Nappi C, Petraglia F, Di Carlo C, De Rosa R, Zaccardo A, Genazzani A R, Montemagno U
Department of Obstetrics and Gynecology, Second School of Medicine, University of Naples, Italy.
Gynecol Obstet Invest. 1989;27(1):38-41. doi: 10.1159/000293613.
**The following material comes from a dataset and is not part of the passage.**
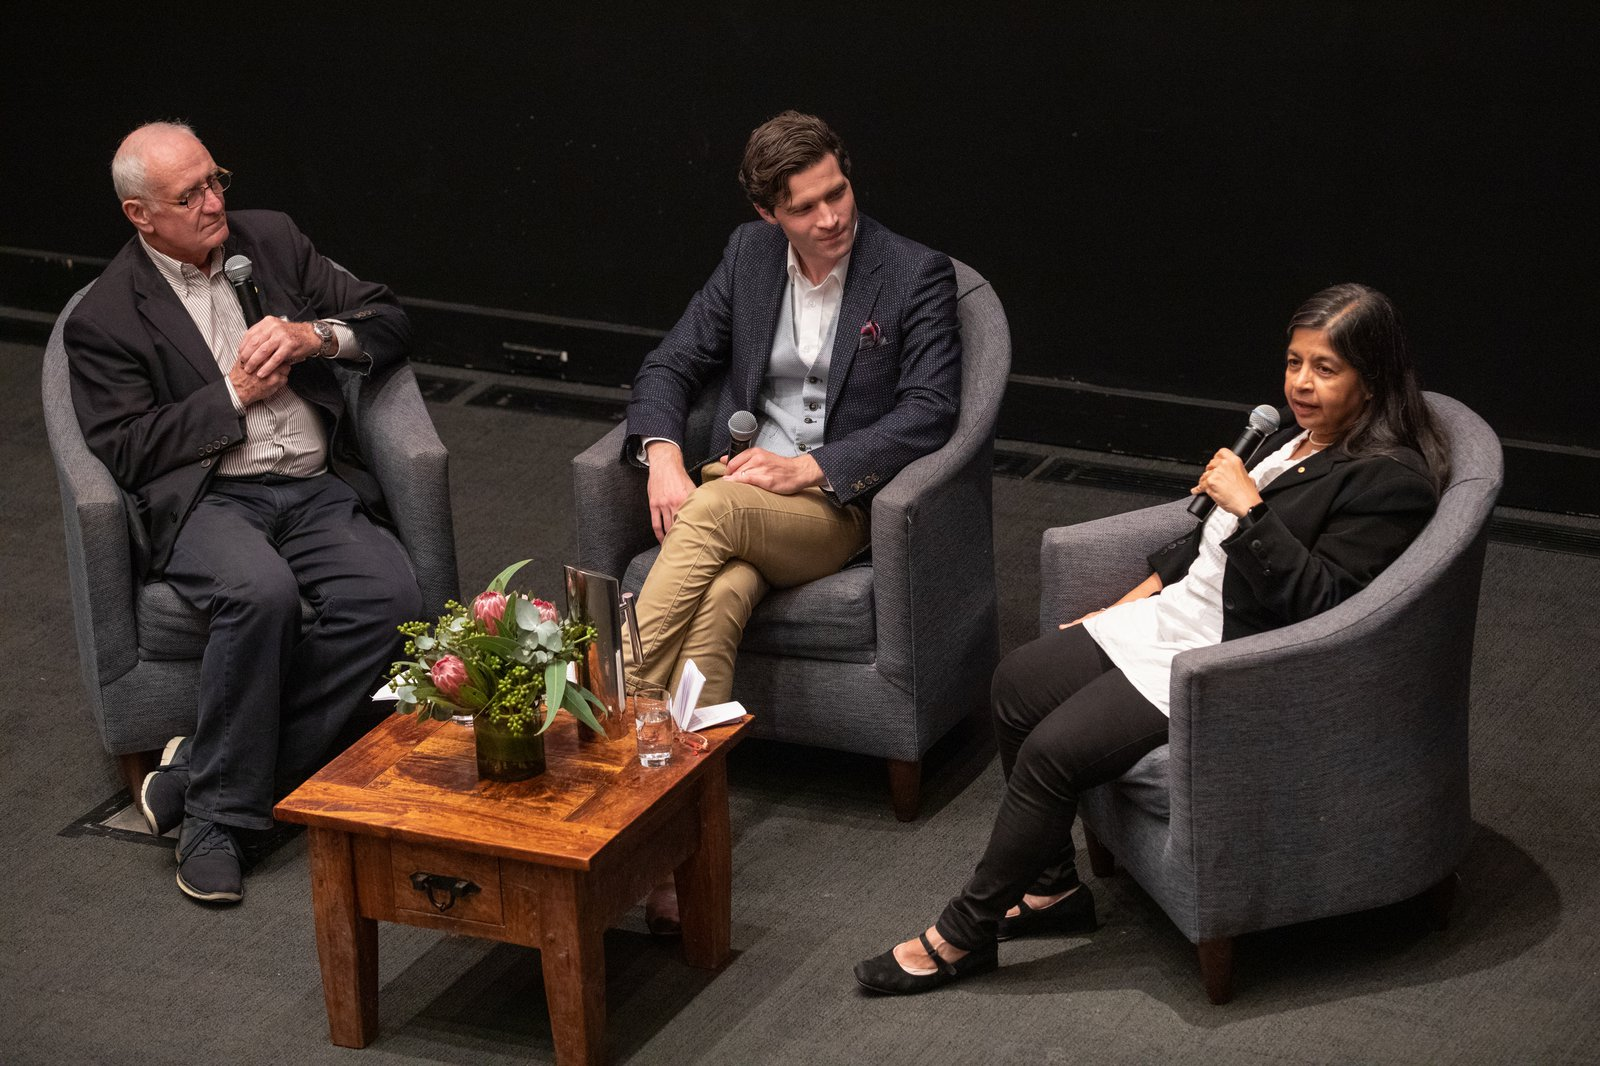 Eureka Prize winners Associate Professor Alan Duffy and Professor Nalini Joshi AO in conversation with Robyn Williams

The luteinizing hormone (LH) response to metoclopramide (MCP), a dopamine receptor antagonist, and naloxone (NAL), an opioid receptor antagonist, was evaluated in 7 patients with polycystic ovarian disease (PCOD) before and during treatment with purified human urinary follicle-stimulating hormone (hFSH), and in 6 control women during spontaneously ovulating cycles. Before treatment, in all patients both MCP and NAL administration did not increase plasma LH levels. In the 6 subjects ovulating following hFSH treatment the LH response to MCP and NAL at preovulatory and midluteal phases was restored, as it occurred in control women. Our results suggest that in PCOD the dopamine and opioid activity in the hypothalamus are decreased. The reversal of peripheral ovarian response induced by treatment for the induction of ovulation may restore these impaired neuroendocrine activities.
在7例多囊卵巢疾病(PCOD)患者接受纯化人尿促卵泡激素(hFSH)治疗之前和治疗期间,以及6例处于自然排卵周期的对照女性中,评估了促黄体生成素(LH)对多巴胺受体拮抗剂甲氧氯普胺(MCP)和阿片受体拮抗剂纳洛酮(NAL)的反应。治疗前,所有患者给予MCP和NAL均未增加血浆LH水平。在hFSH治疗后排卵的6名受试者中,LH对MCP和NAL在排卵前和黄体中期的反应恢复,如同在对照女性中发生的那样。我们的结果表明,在PCOD中,下丘脑的多巴胺和阿片样物质活性降低。诱导排卵治疗引起的外周卵巢反应的逆转可能恢复这些受损的神经内分泌活动。